(Fernando Botero) |
Naquela manhã – que como tantas outras começavam para ela às duas
da tarde – estava assistindo seu programa favorito, o Fique Alerta, ansiosa
para ver seu nome e sua foto entre as aniversariantes do dia. Curiosamente, nem
as piadas do apresentador entre um cadáver e outro, melhoravam seu astral no
despertar de seu trigésimo aniversário. Tomou um grande susto quando a voz
desafinada do cantor de música brega, Pablo, Rei da Sofrência, ecoou pelo seu
Iphone – protegido com uma capinha de Romero Britto – interrompendo não só o
último Doritos do pacote e da tarde, como a reflexão. Número privado. Quem
seria?
Era Teteú, seu ex-marido, a quem agora tinha de chamar de
Cristiano, só Cristiano. O que queria o senhor prefeito de Marechal Deodoro?
Lhe parabenizar pela nomeação como Secretária de Cultura do estado de Alagoas.
Mellina, coração palpitando por ouvir outra vez aquela voz de radialista,
pensou: Aí que falta, entre um filme e outro de Leandro Hassum, essa voz...
Essa boca... E saindo do transe, perguntou se aquilo não era uma brincadeira
dele; afinal, como ele mesmo devia lembrar, ela deixara bem claro que se não
fosse para chama-la para um papo sério, num fim de tarde no Lopana, que a
esquecesse!
A conversa, como não podia deixar de ser, já que Cristiano estava
entrando em seu jatinho, foi rápida. Mal desligou e ouviu Fábio Júnior trazer o
nome de seu papai no visor do aparelho, Mister Washington, queria lhe
parabenizar não só pelo aniversário, como pela nomeação. Emocionado, lembrou
das sete vezes que bancou as idas de Mellina a Dysney, alegando que aquilo
moldaria seu caráter; lembrou ainda das mensalidades pagas adiantadas do curso
de Direito no Cesmac e da aprovação, depois de dezessete tentativas, na Ordem
dos Advogados.
As lágrimas rolaram de verdade quando recordou que sua filhota fora
acusada de desviar quinze milhões de verbas públicas enquanto prefeita de
Piranhas – uma mentira, disse Mister Washington , quantas vaquejadas e shows
não aconteceram lá? Quantas coisas você promoveu cultural e socialmente, minha
filha? Não tema! Após o papai, Mellina viu as mensagens de texto pulularem no
visor do aparelho que tinha na capa uma foto sua abraçada com Pedro Bial, seu
muso e cronista favorito, durante um esbarrão pelas ruas de Miami. Todas SMS
tinham o mesmo conteúdo: Parabéns e pedidos dos remetentes que ela não os
esquecesse! – Na verdade eram só emoticons de serpentinas, mascaras de teatro,
dançarinas e cifras musicais, quase nenhuma letra, pois da turma, Mellina era a
única dada ao português, afinal, era poetisa e leitora voraz da série Cinquenta
Tons de alguma coisa e de biografias de gente como Reinaldo Gianecchini e Edir
Macedo (pois um pouco de religião, de deus, dizia, nunca era demais).

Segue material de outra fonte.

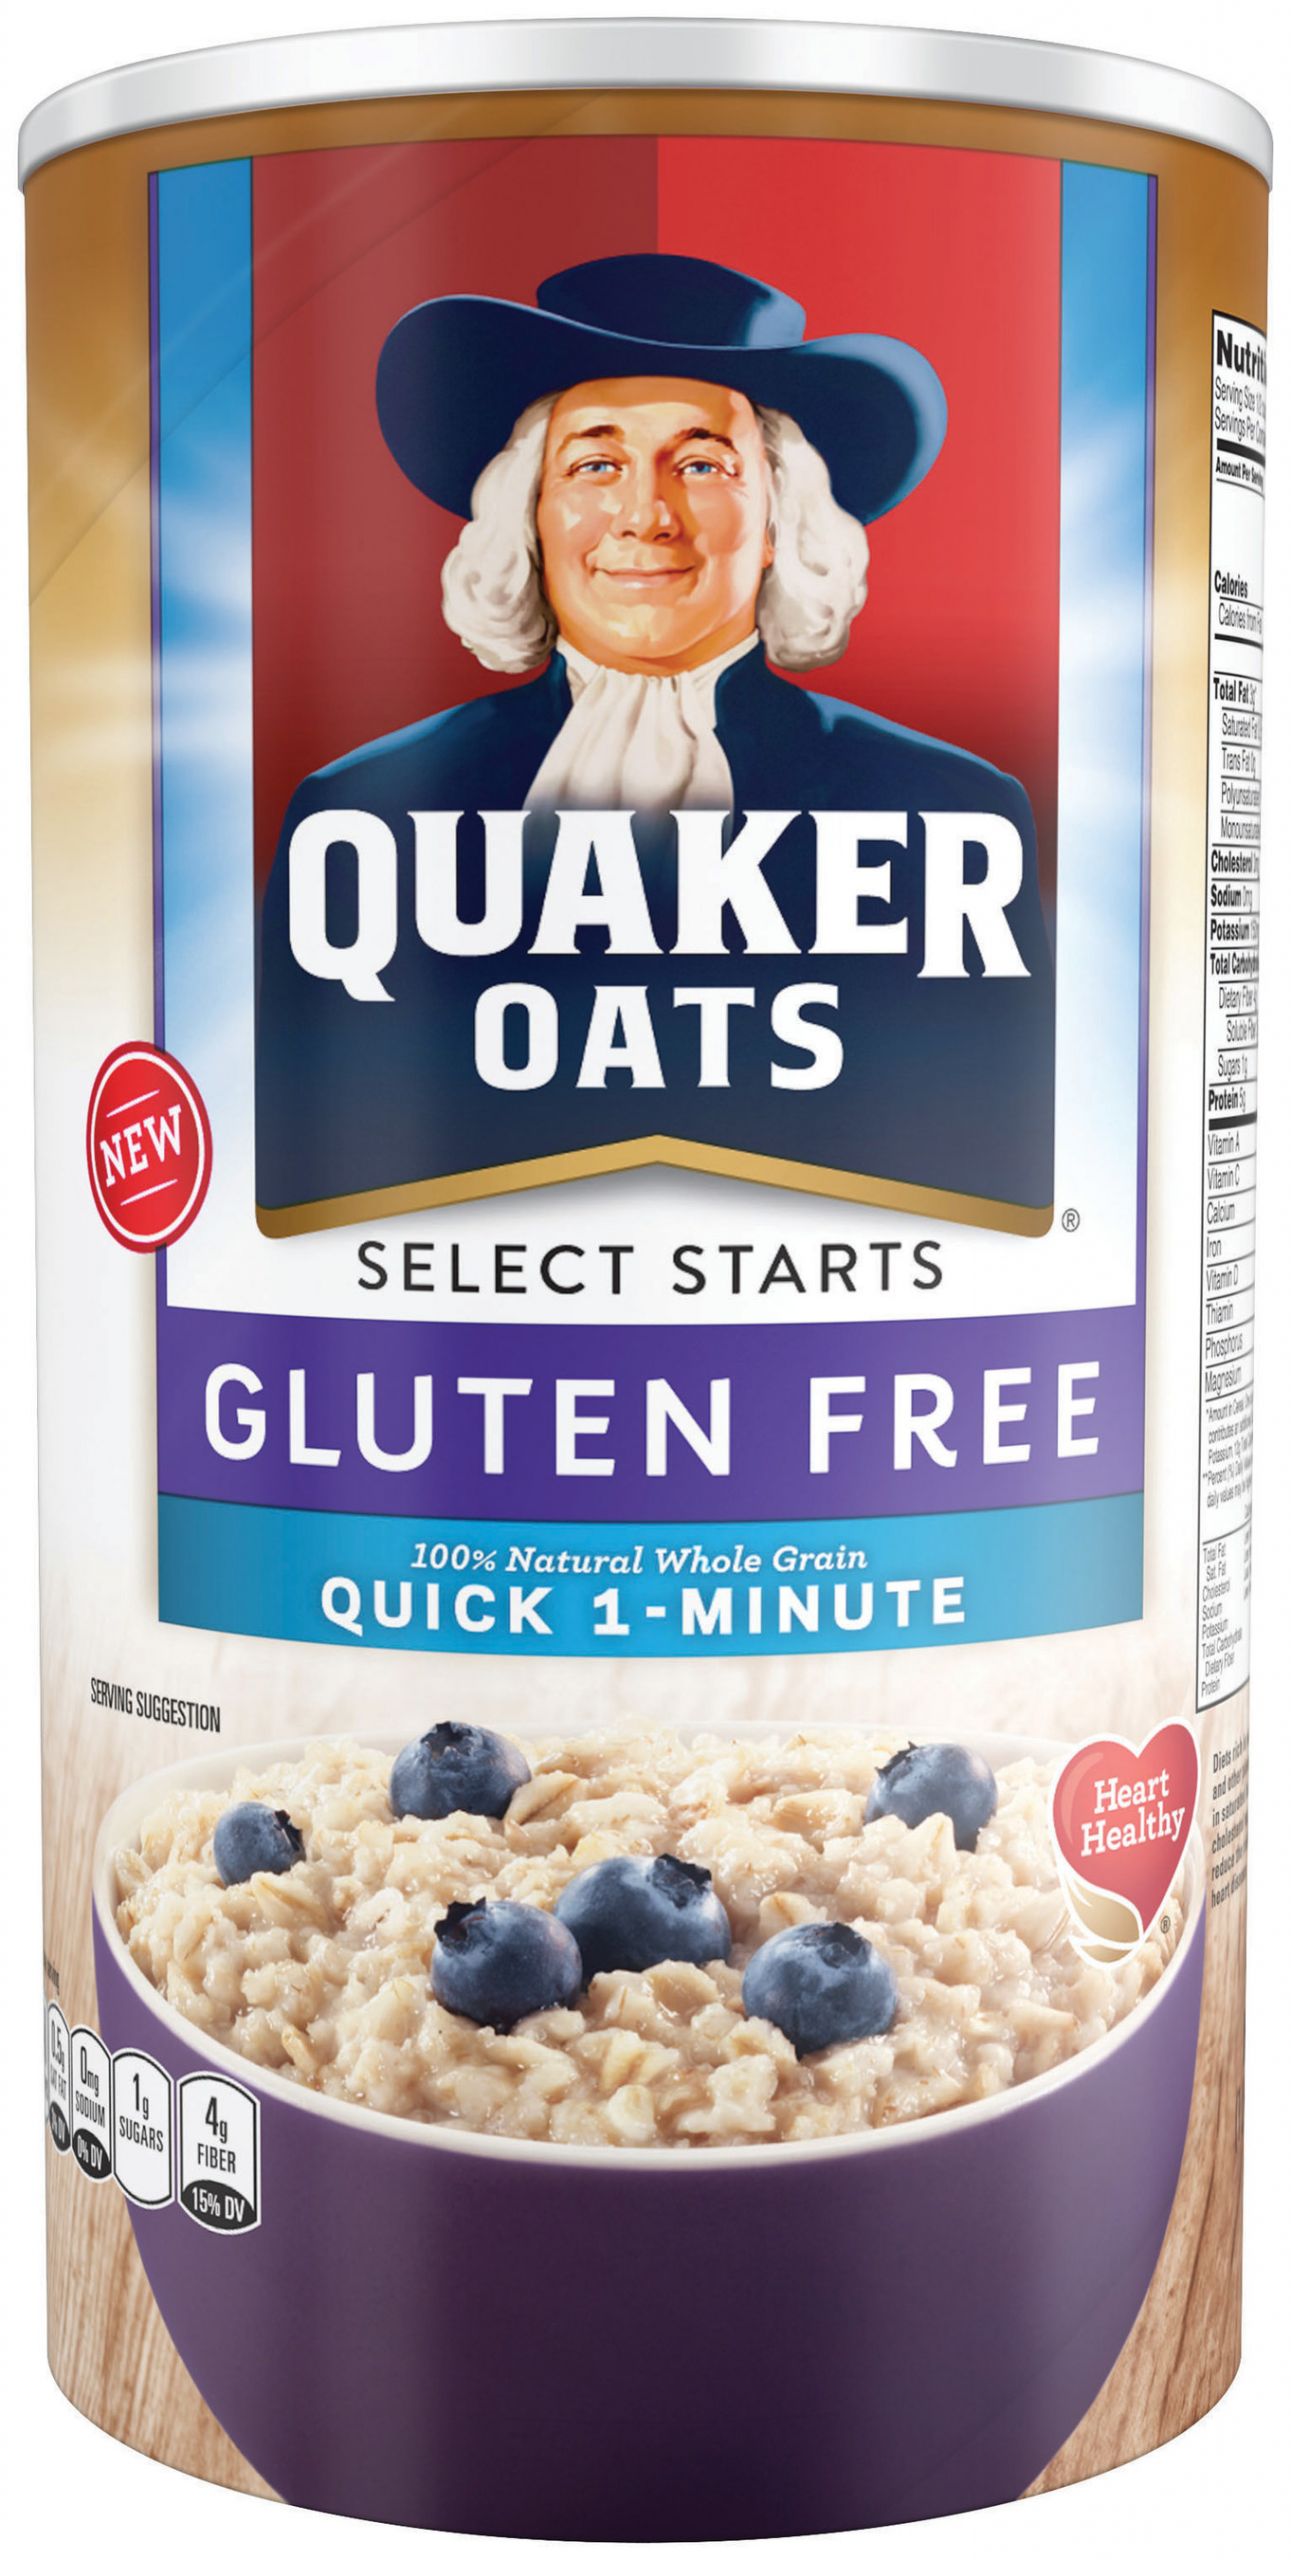 Quaker Oats Gluten Free
 Quaker Introduces New Great Tasting Gluten Free Oatmeal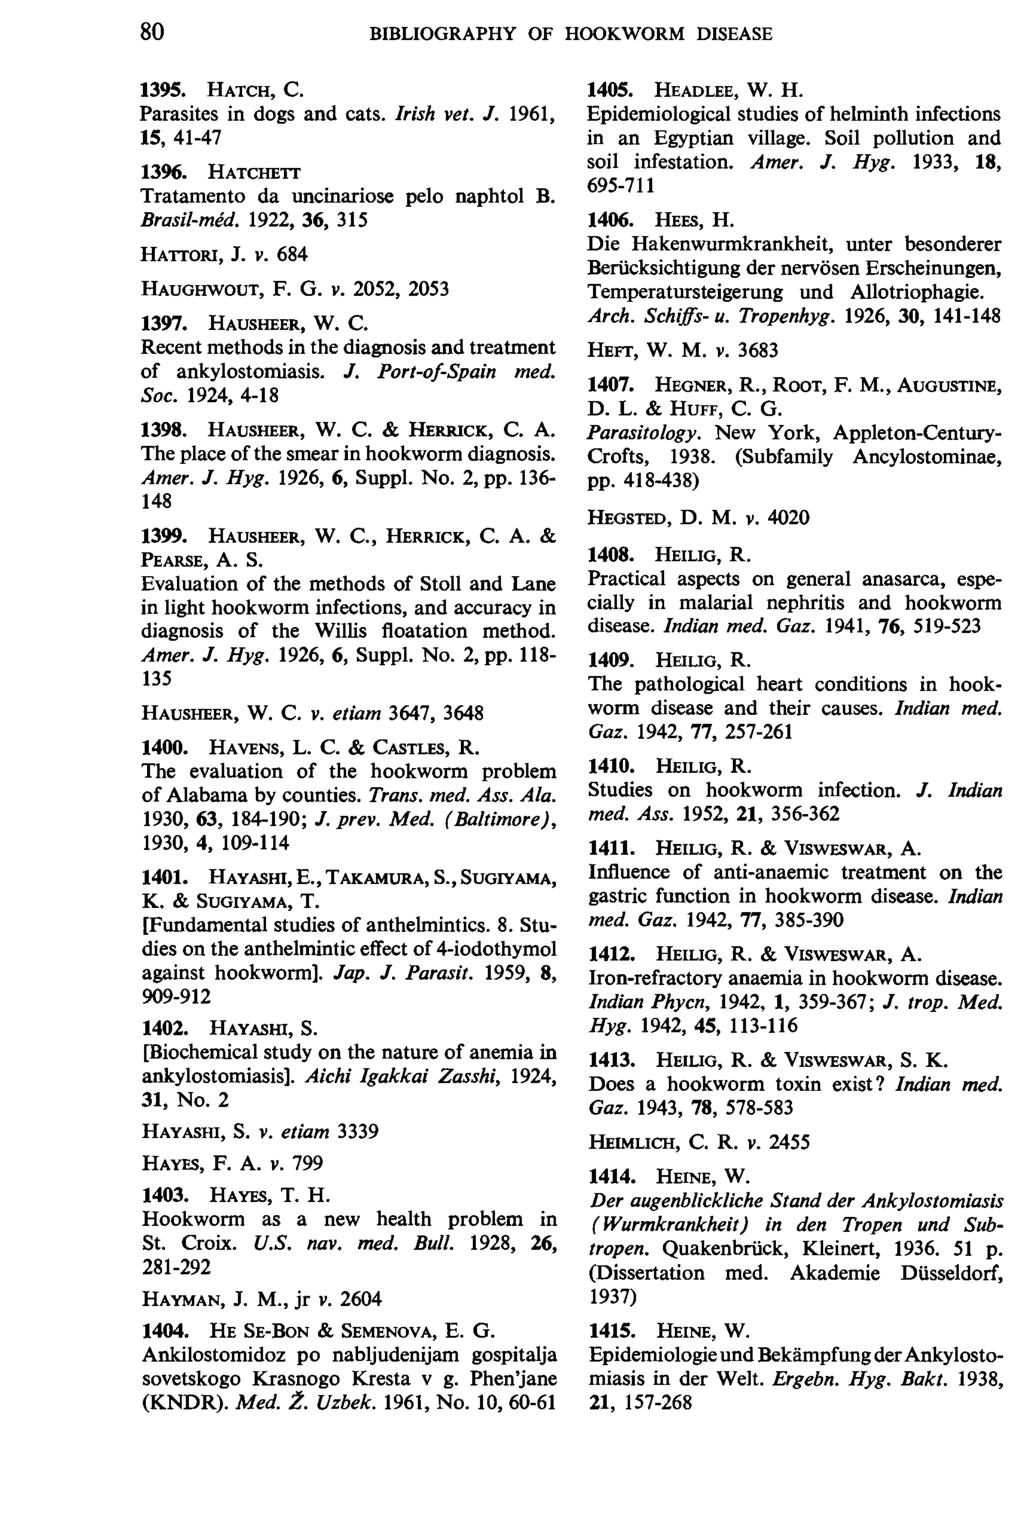 80 BIBLIOGRAPHY OF HOOKWORM DISEASE 1395. HATCH, C. Parasites in dogs and cats. Irish vet. J. 1961, 15, 41-47 1396. HATCHETT Tratamento da uncinariose pelo naphtol B. Brasil-med.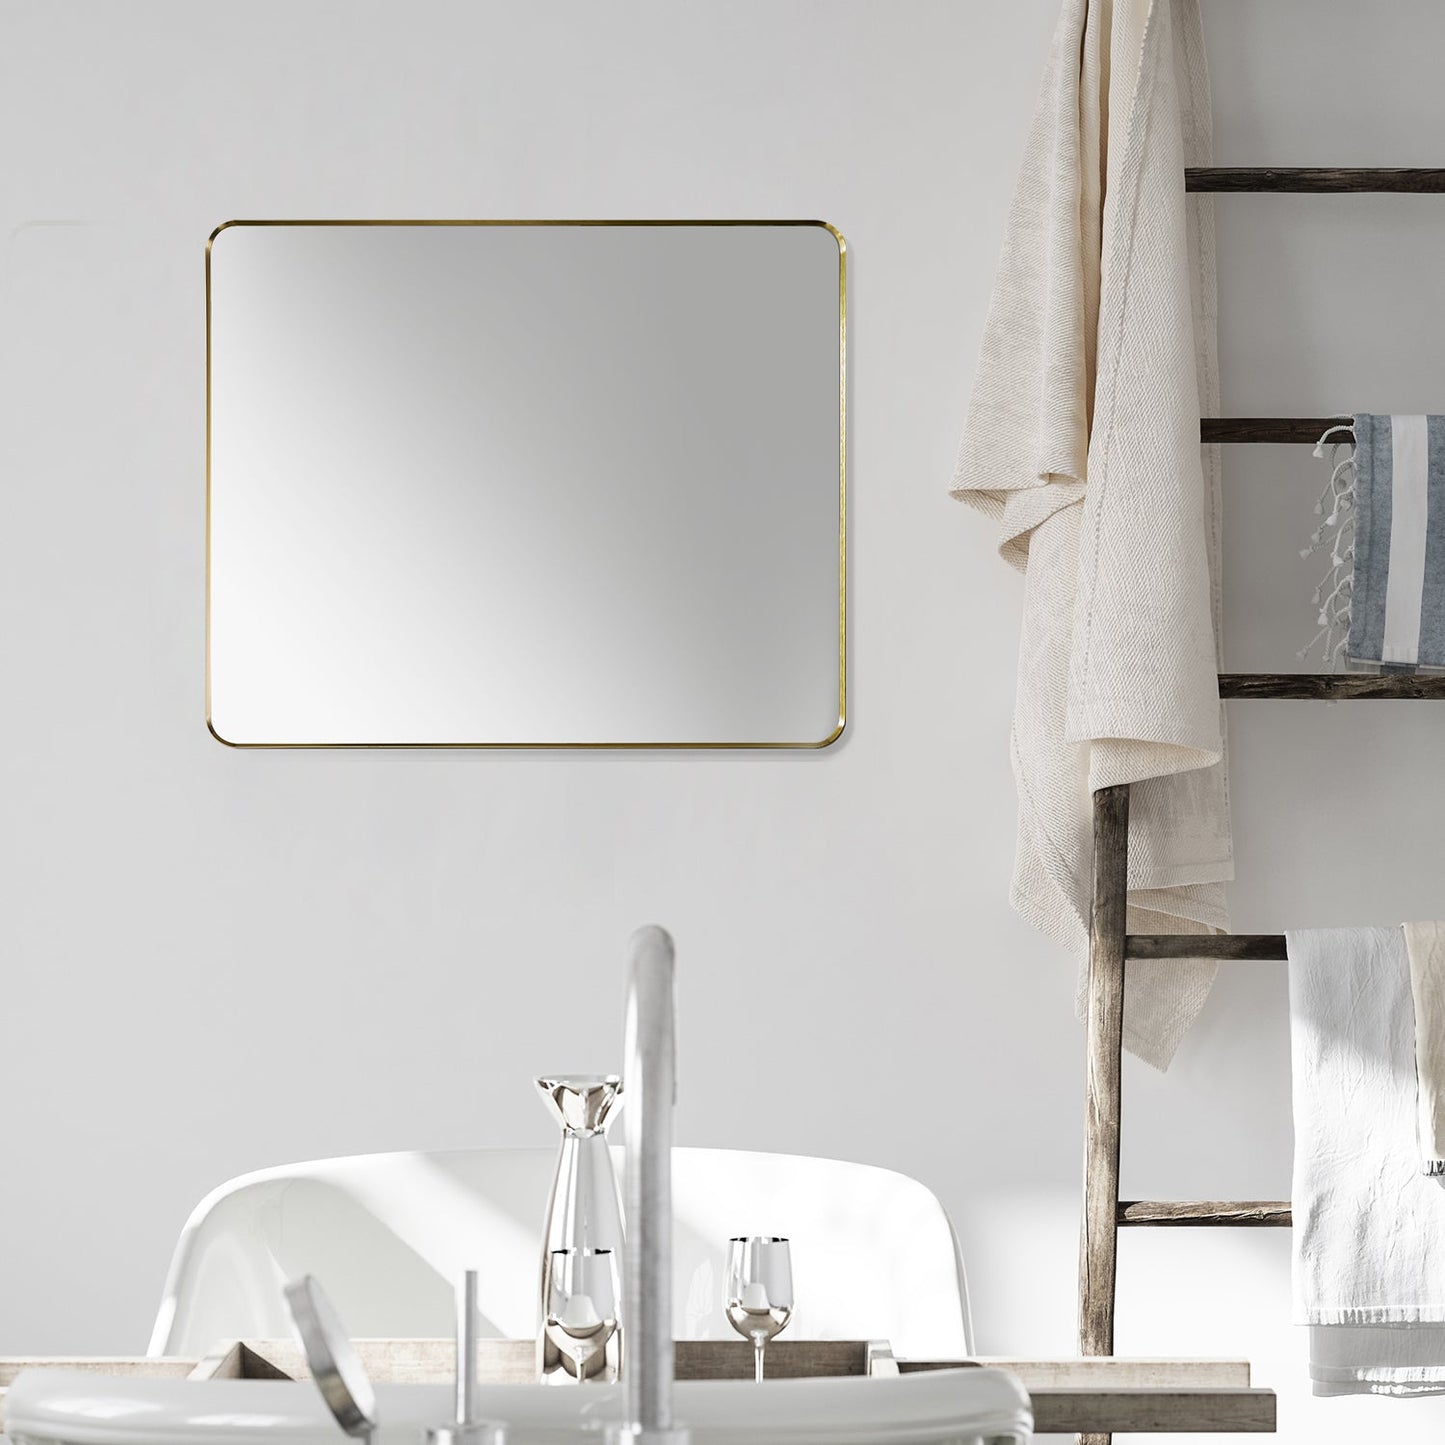 Nettuno 36" Rectangle Bathroom/Vanity Brushed Gold Aluminum Framed Wall Mirror

Esqueceu o Doritos solitário e o pacote de Passatempo intacto em
cima da cama e correu para o escritório. Ligou o computador, leu as manchetes
onde diziam que Renanzinho, um antigo namoradinho seu de adolescência e agora
governador do estado, tinha finalmente anunciado os nomes de seu secretariado.
Renan, ou Nanam, como todos em Murici o conheciam, estava sério na foto, aqui
Mellina exercitou as bochechas, sorriu, Nanam parecia outra pessoa, tão
diferente daquele gordinho sem camisa, no bloco do Azul, em Murici, rebolando
freneticamente ao som de um cover de Chiclete com Banana, quando eram apenas
filhos de gente importante de Alagoas.